McALLEN, Texas (Border Report) — The commissioners of a small, rural county in South Texas have voted to block the federal government from surveying for a border wall on public lands near a coveted bird sanctuary.

The five-member Zapata County Commissioners’ Court on Monday unanimously voted not to grant “right of entry for survey and site assessment to the U.S. Government for county land near San Ygnacio,” according to the agenda item.

San Ygnacio is home to a popular bird and butterfly sanctuary located on a narrow strip of land along the Rio Grande about 40 miles south of Laredo, Texas. It boasts one of the best bird-viewing areas for the tiny white-collared seedeater and scissor-tailed flycatcher, as well as various butterfly species, like the American snout. The seedeater is only found in the United States in this part of South Texas.

The land was donated to the county a few years ago for the sanctuary, Zapata County Judge Joe Rathmell told commissioners, according to an audio recording of Monday’s meeting obtained by Border Report.

Zapata County is mid-way between Laredo and McAllen, Texas, and is mostly rural ranchlands that are home to a population of just about 15,000.

Government contractors want access to survey the area in preparation for an 18-mile-long and 30-foot-tall metal border wall. This section of the proposed wall is part of $1.3 billion that Congress late last year appropriated for Fiscal 2020 to build 52 miles in Webb County and 18 miles in Zapata County.

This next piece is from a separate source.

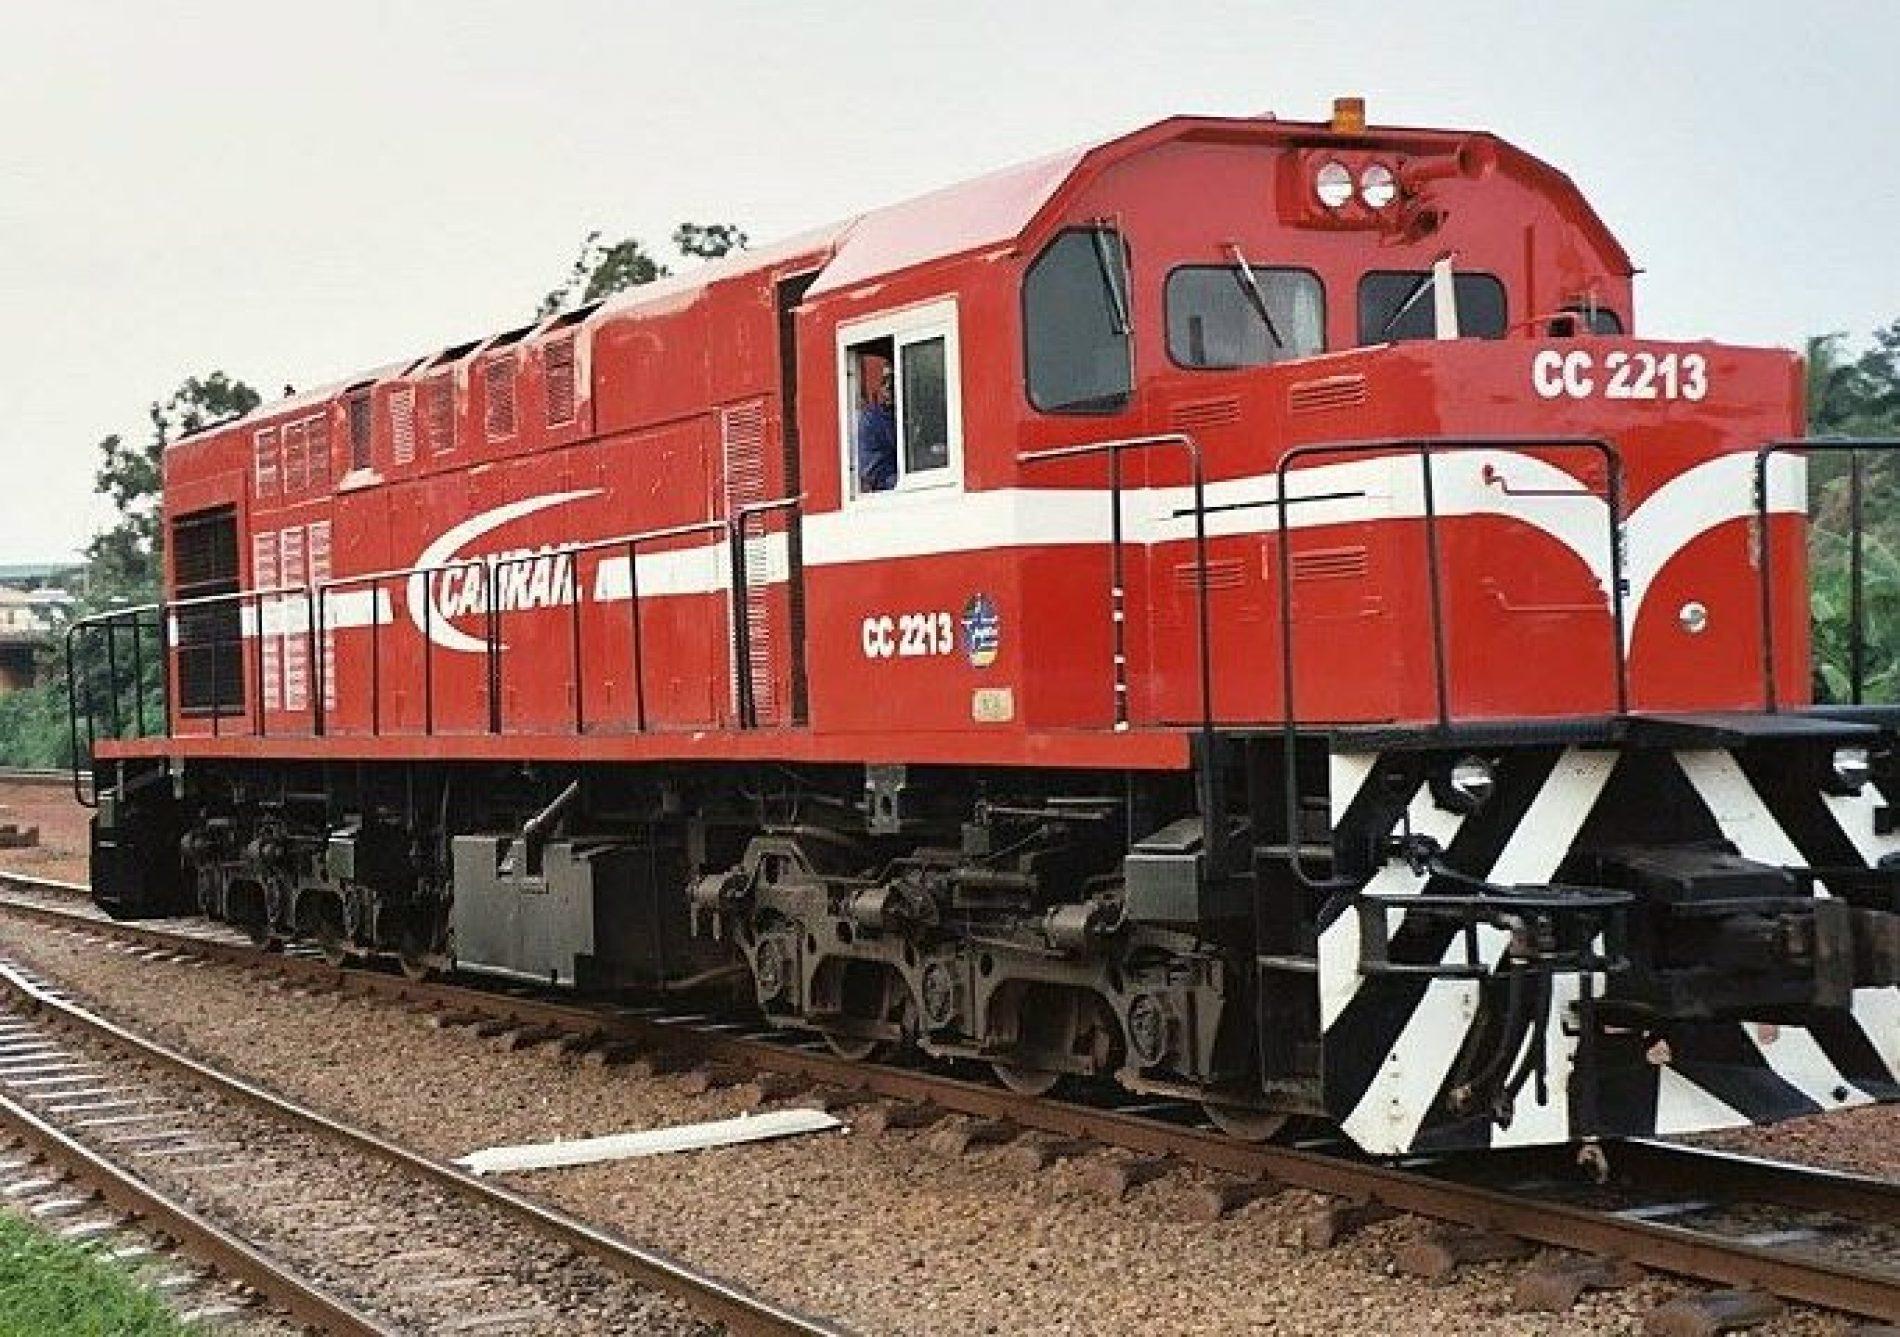 Tronçon ferroviaire Ngaoundéré-Ndjamena: Idriss Deby se tourne finalement vers le Soudan

On Friday, U.S. Customs and Border Protection officials sent a letter requesting public feedback on these segments of proposed border wall writing: “CBP is seeking your input on potential impacts to the environment, culture, quality of life and commerce, including potential socioeconomic impacts from the approximately 69 miles of CBP-funded border wall system being proposed in Webb and Zapata Counties.” CBP is accepting public comments on this proposed segment of border wall until April 21. Comments can be sent to

Prior to Monday’s vote, a group of members of the No Border Wall Coalition urged county commissioners not to allow the government onto what they called “precious” lands.

A group of members of the No Border Wall Coalition, including Melissa Cigarroa, second from left, spoke to Zapata County Commissioners on Monday, Feb. 24, 2020, in South Texas, and successfully urged the court not to allow the federal government a right of entry to county park grounds to survey for a border wall. (Courtesy Photo)

“That right of entry is our constitutional right to demand better protections, to not allow just anyone to come onto our lands, especially those who want to denigrate it and cause destruction,” Melissa Cigarroa, a member of the coalition who also is president of the board of directors for the Laredo-based Rio Grande International Study Center, told commissioners.

“Here in Zapata County, especially, the land is so beautiful and generations of families have held on to this precious treasure for years and years,” said Cigarroa, whose family owns land in Zapata County.

“All this waste of money or this ecological destruction that will happen as a result and it’s not going to solve the immigration, the drug problems,” Zapata County landowner Elsa Hull told the court. “We stand to lose our homes. I lie in the path of this wall.”

We stand to lose our homes. I lie in the path of this wall.”

Zapata County landowner Elsa Hull

Hull’s home is just south of San Ygnacio on three acres of riverfront land. She is named as a plaintiff in the Rio Grande International Study Center’s lawsuit challenging the right of the Trump administration to declare a national emergency in order to transfer Pentagon funds from the military to border wall construction.

Read a Border Report story on Trump’s recent transfer of more military funds for the border wall.

“These billions of dollars could be used for the technology, sensors, cameras or even creating more jobs, more agents in the field. But we all know it’s not about border security,” Hull said. “We urge the county to stand firm in their position. This right of entry is the first step.”

Zapata County Precinct 2 Commissioner Olga Elizondo, whose district includes San Ygnacio, agreed with Hull, telling the court she went there on Saturday to feed the birds.

“I go there often and I don’t hear anything or see anything that we’re threatened by,” Elizondo said. “Just like Elsa said: that money can be used for other things.”

Elizondo made the motion in court to deny right of entry, and the others agreed.

After the vote, County Judge Rathmell can be heard saying that Zapata County Commissioners also were among the first county municipalities to issue a proclamation against the border wall.

“You guys are leaders in this fight,” Hull told them.

“We urge the county to hold the line and to continue to be leaders and to set an example for the citizens and the landowners in this county,” Hull said. “Don’t bow to the pressure. We can unite and stand together. We don’t want our lives to be signed away, our river to be signed away. …And when future generations look back at this we need to ask ourselves what side of history will we be on? Will we be on the right side? Stand firm in the fight.”